Data below:

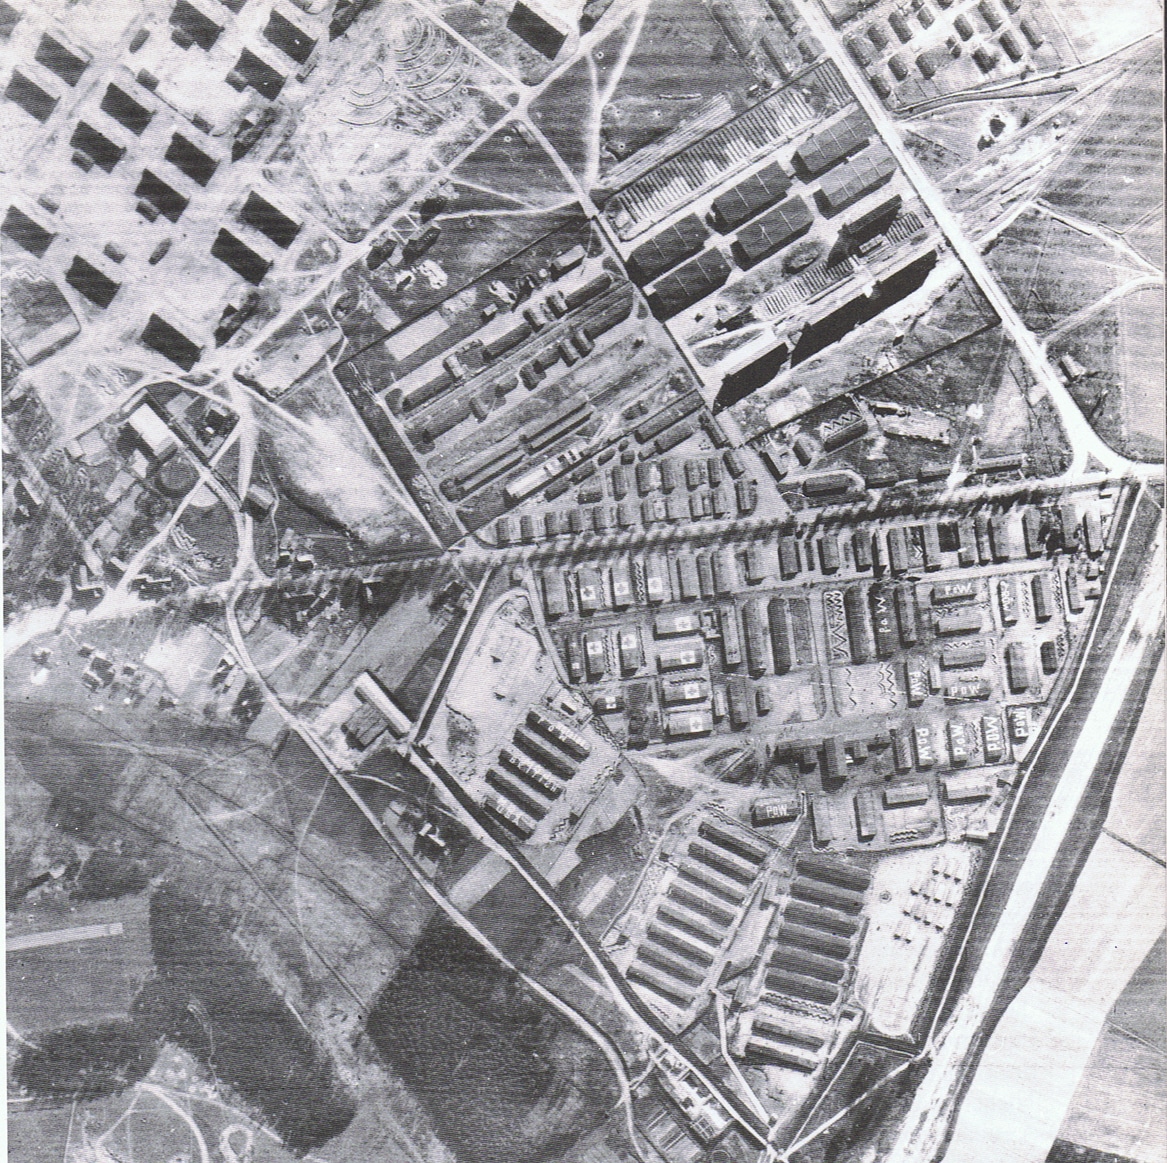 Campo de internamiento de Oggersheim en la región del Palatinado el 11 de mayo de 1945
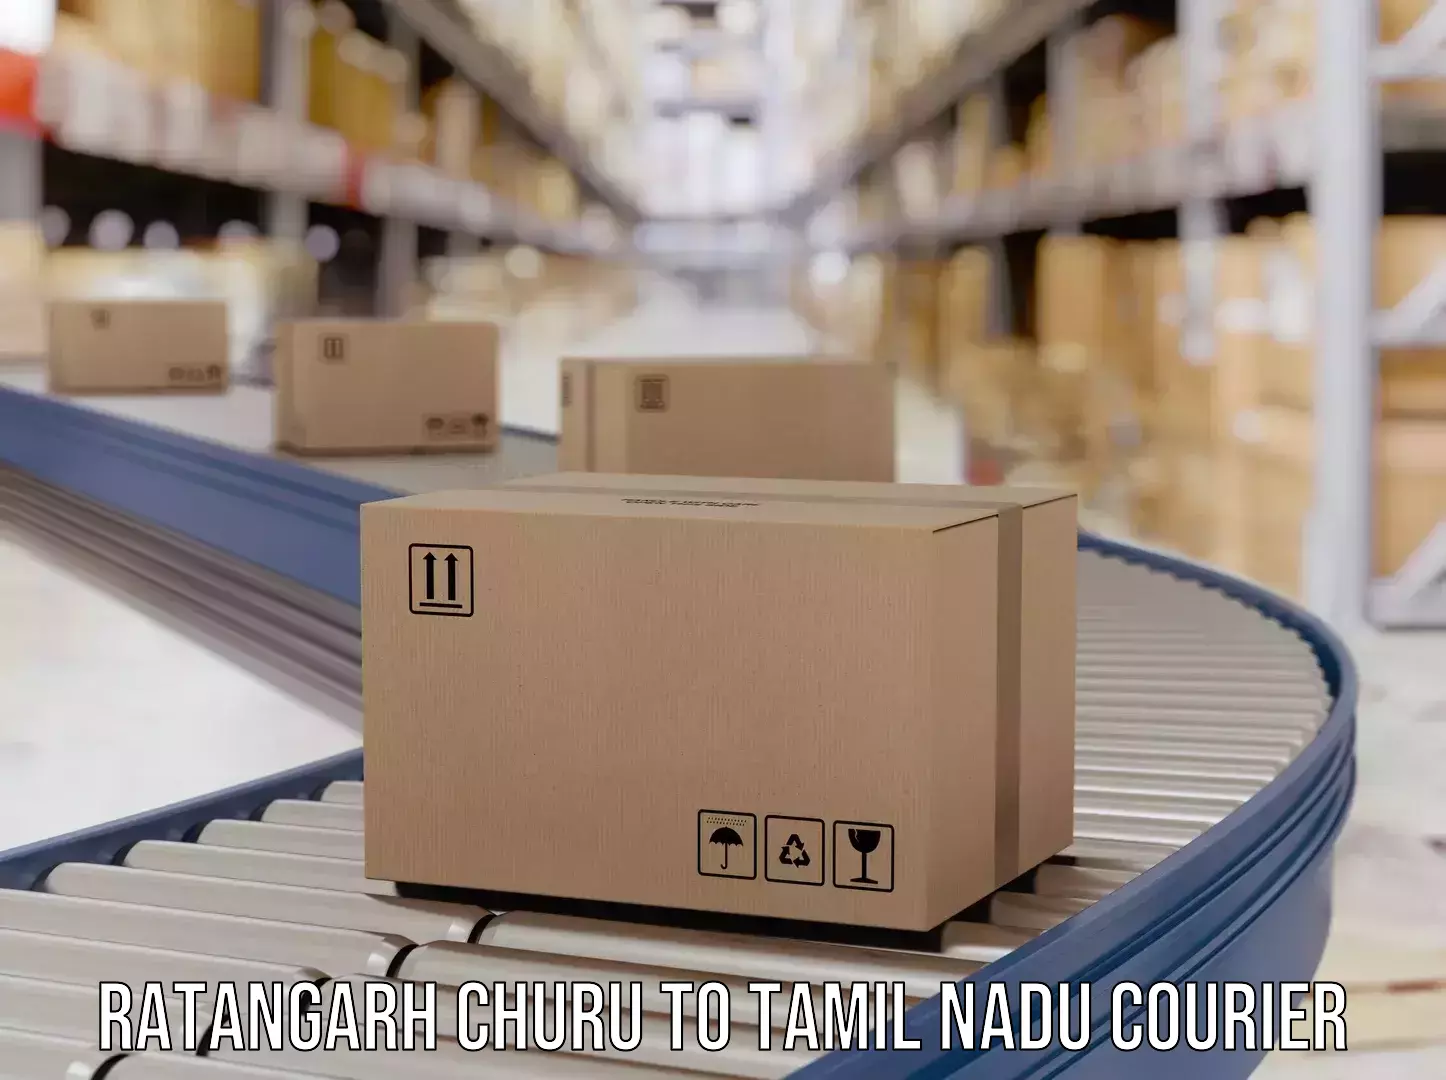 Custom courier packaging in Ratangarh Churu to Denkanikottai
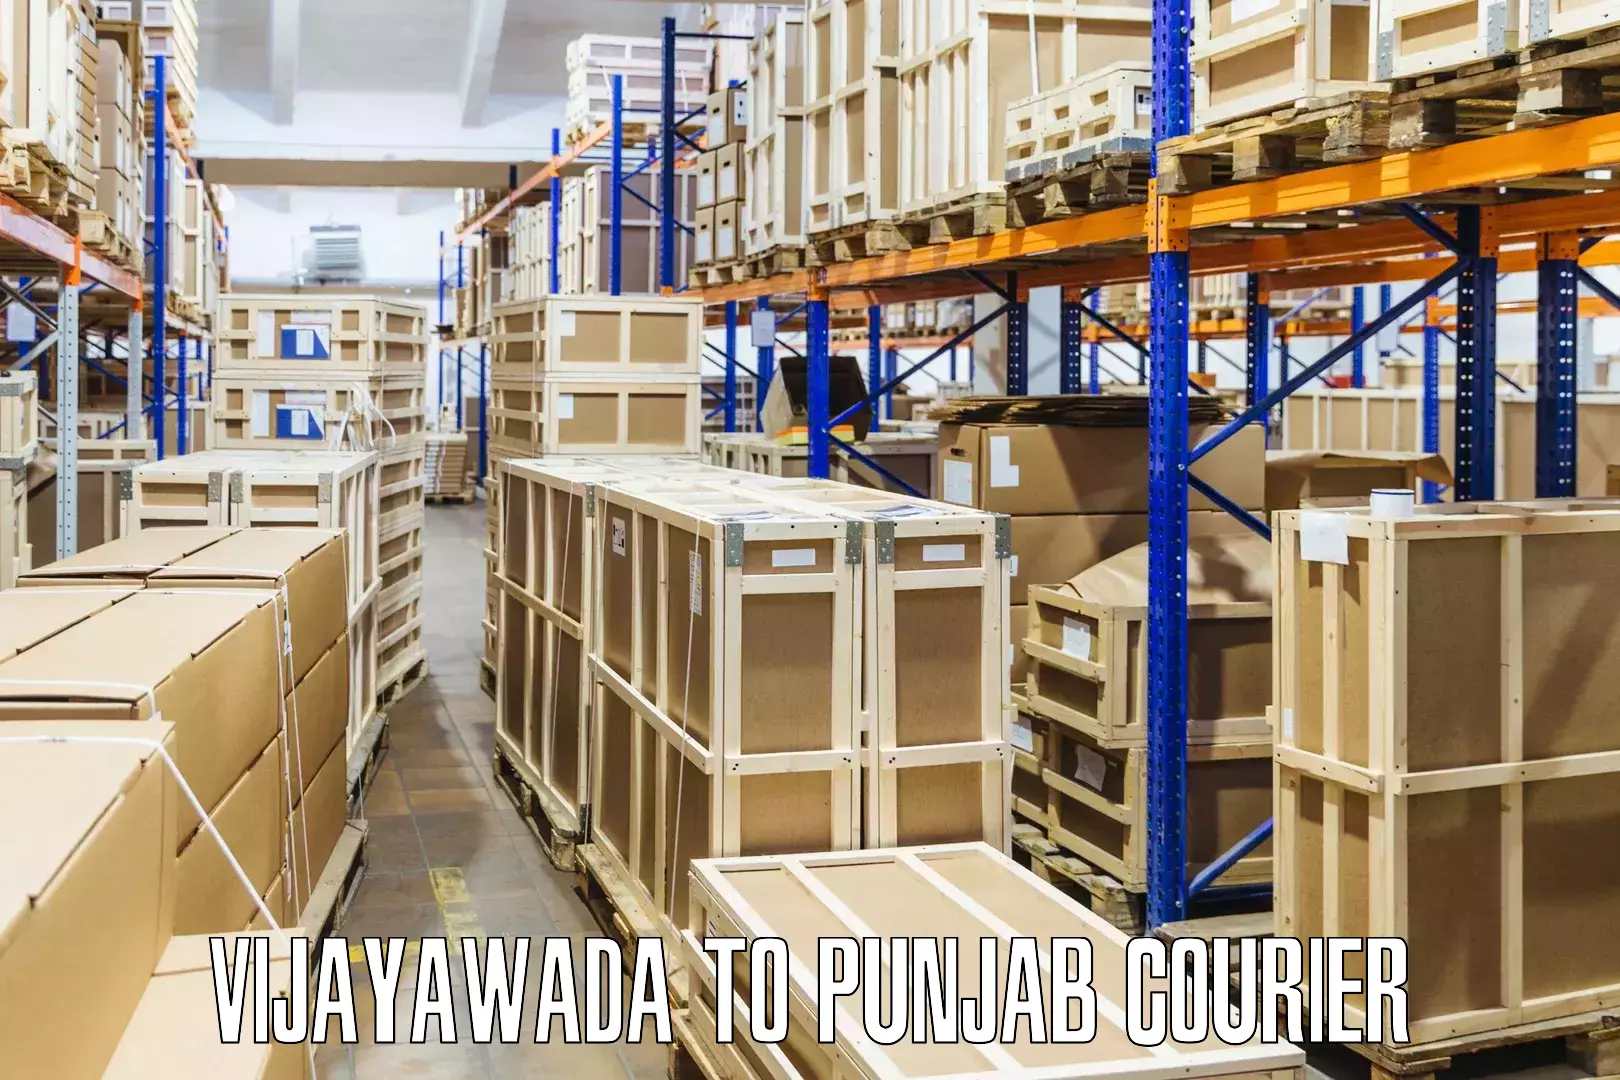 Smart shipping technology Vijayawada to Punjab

Task description: Exclude every picture and restate the listing word for word.

Solution for this task:
 Campo de internamiento de Oggersheim en la región del Palatinado el 11 de mayo de 1945
 Custom courier packaging in Ratangarh Churu to Denkanikottai
 Smart shipping technology Vijayawada to Punjab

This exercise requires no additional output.